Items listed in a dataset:
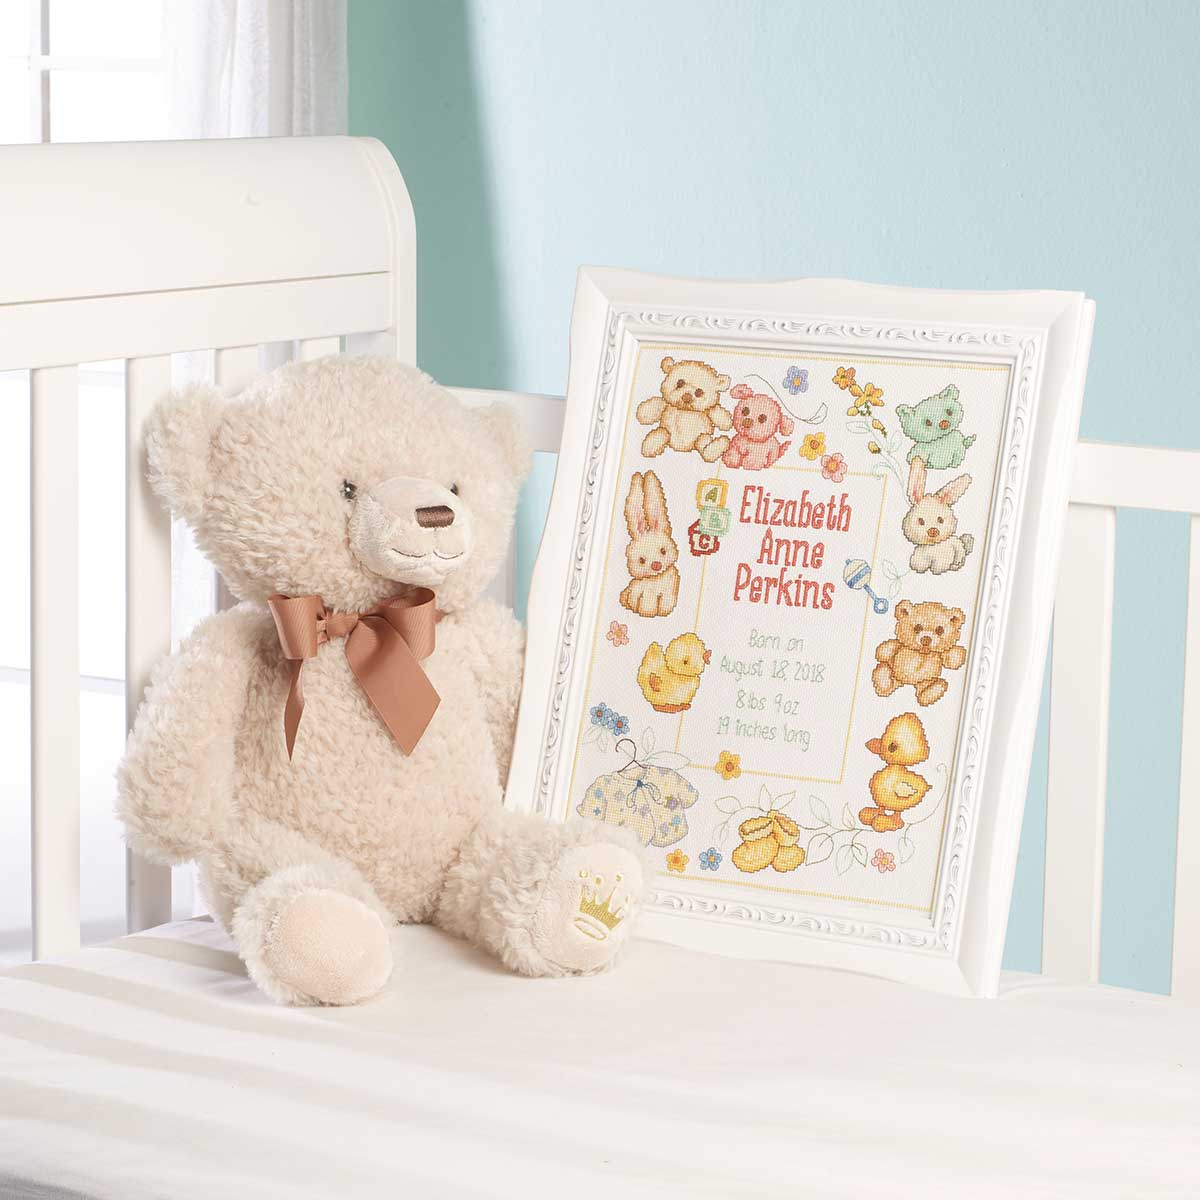 Bucilla ® Baby - Counted Cross Stitch - Crib Ensembles - Hallmark - Playful Pals - Birth Record Kit
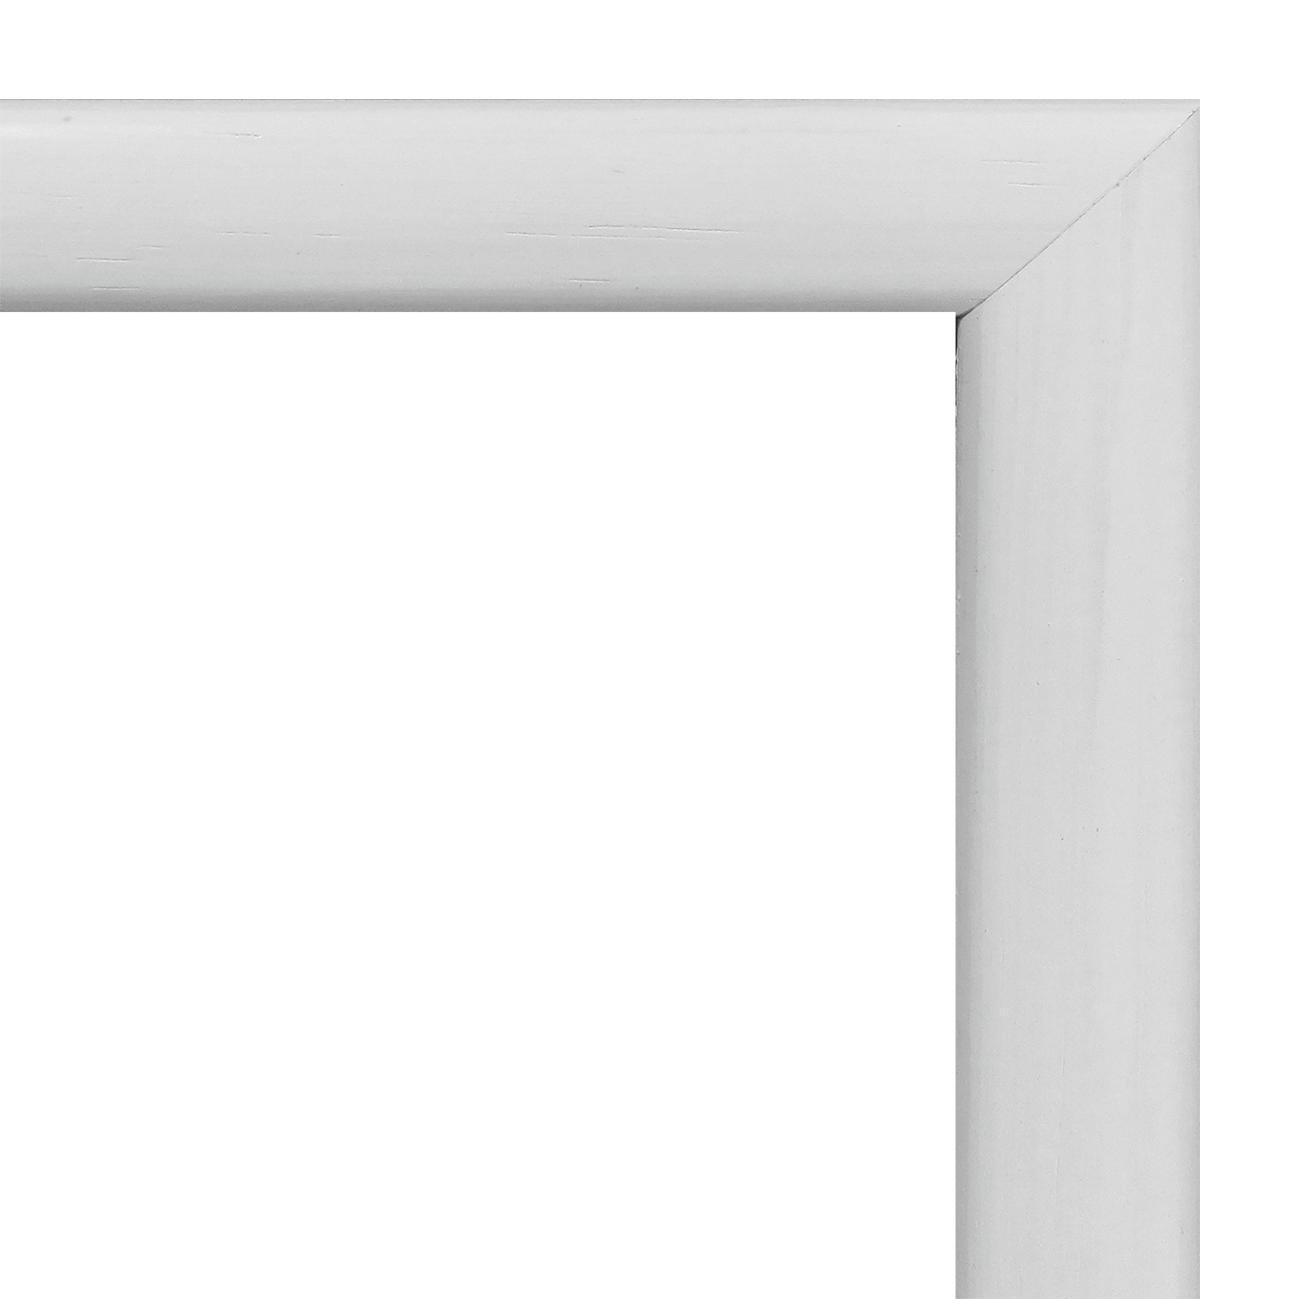 Cornice INSPIRE Pulp bianco per foto da 70x100 cm - 4
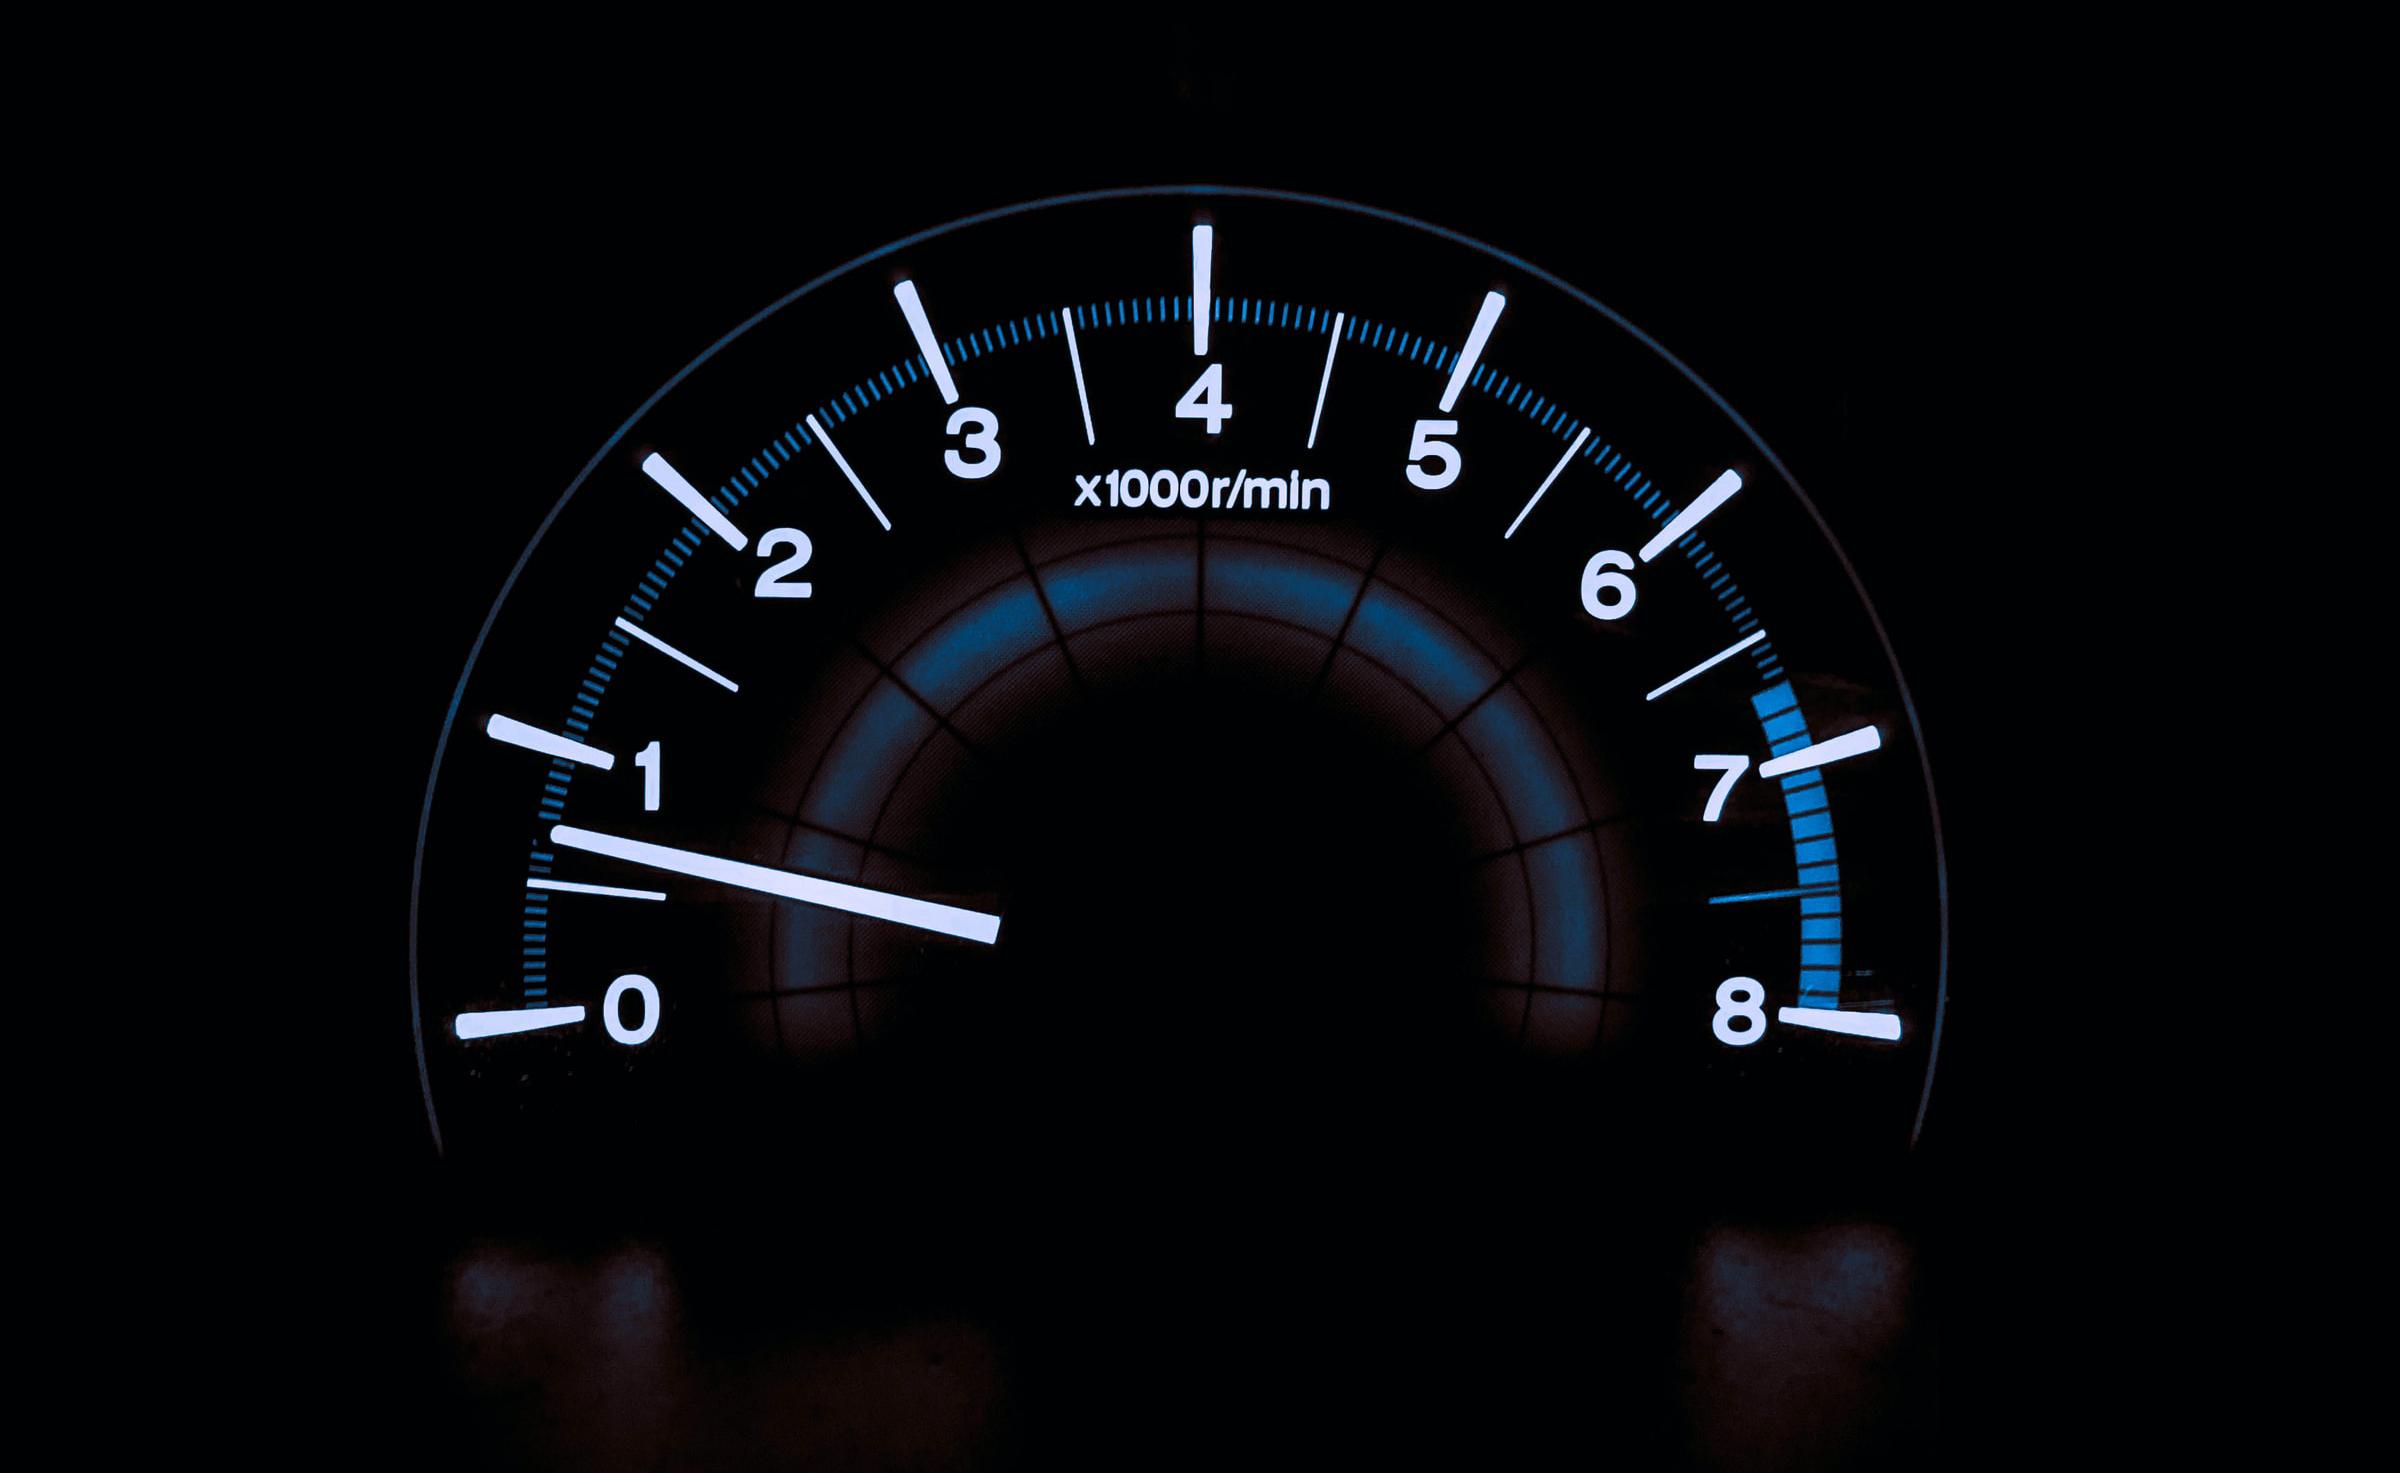 FCC wants the public to help measure actual broadband speeds
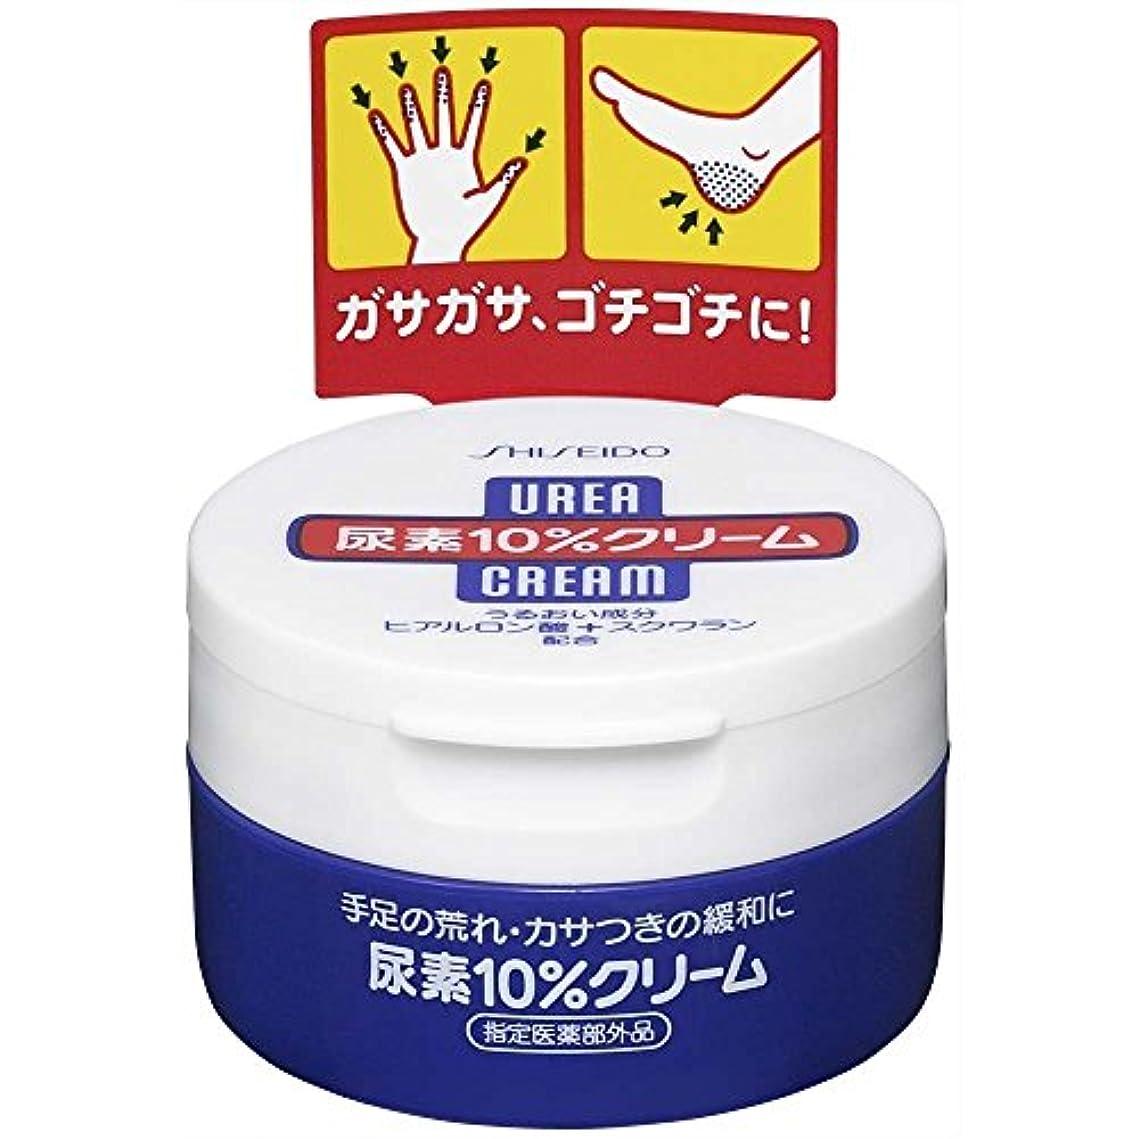 白鳥寺院剣資生堂 尿素10%クリーム 100g(医薬部外品)
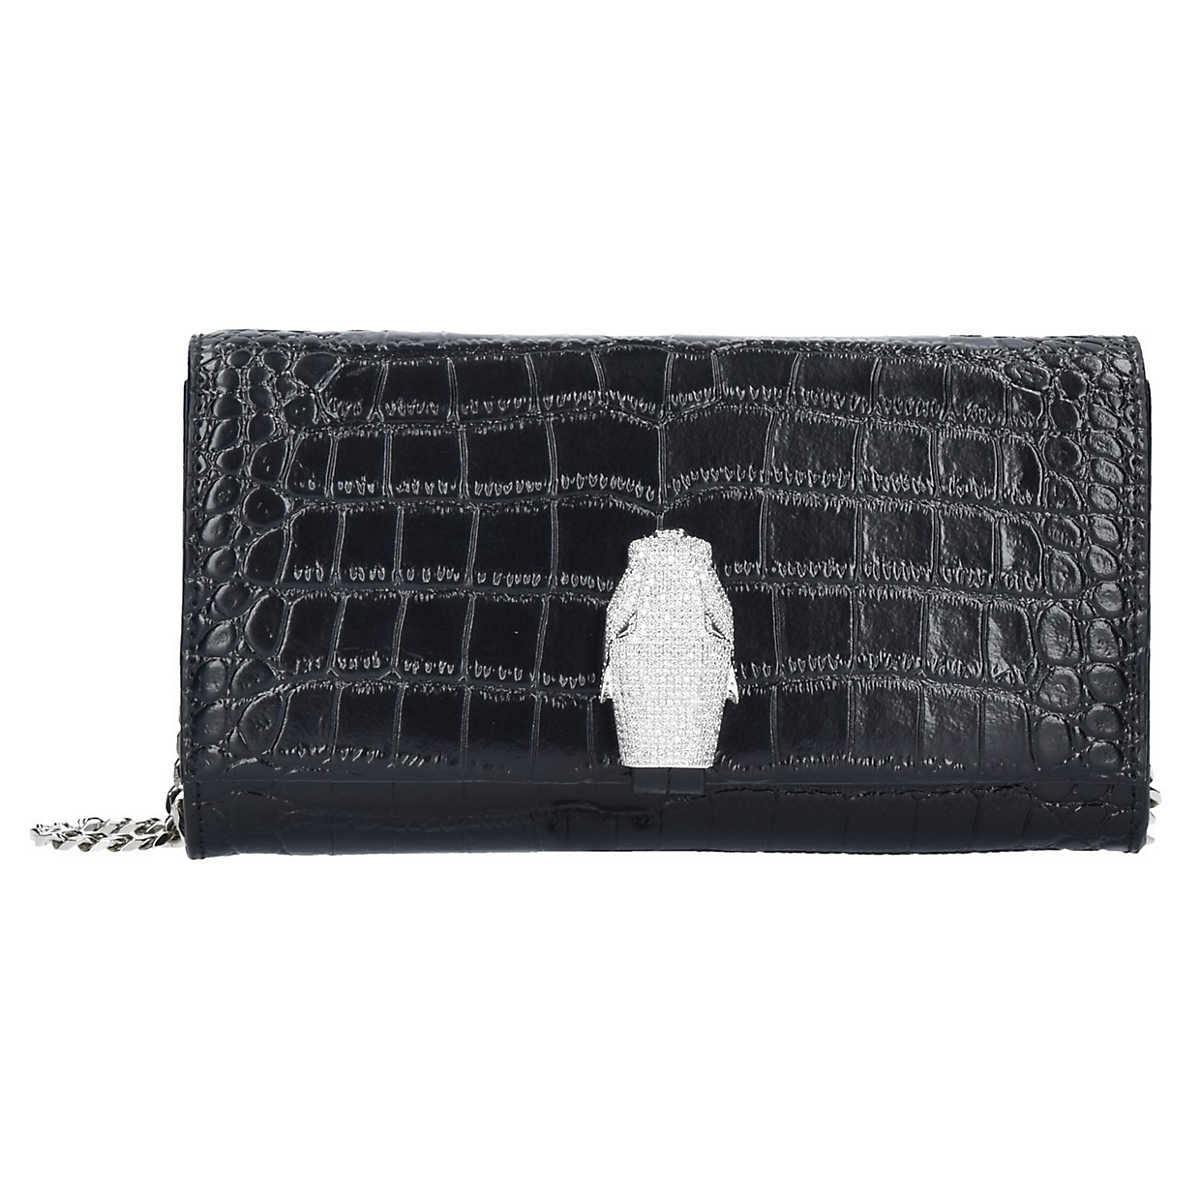 Roberto Cavalli Class RSVP Treasure Clutch Umh�¤ngetasche Leder 27 cm schwarz - Roberto Cavalli Class - Clutch & Abendtaschen - Taschen - mirapodo.de

> _Aim of the exercise_:
What is needed is an exact copy of every record above, minus the images.

> _The answer_:
 Bucilla ® Baby - Counted Cross Stitch - Crib Ensembles - Hallmark - Playful Pals - Birth Record Kit
 Cornice INSPIRE Pulp bianco per foto da 70x100 cm - 4
 FCC wants the public to help measure actual broadband speeds
 白鳥寺院剣資生堂 尿素10%クリーム 100g(医薬部外品)
 Roberto Cavalli Class RSVP Treasure Clutch Umh�¤ngetasche Leder 27 cm schwarz - Roberto Cavalli Class - Clutch & Abendtaschen - Taschen - mirapodo.de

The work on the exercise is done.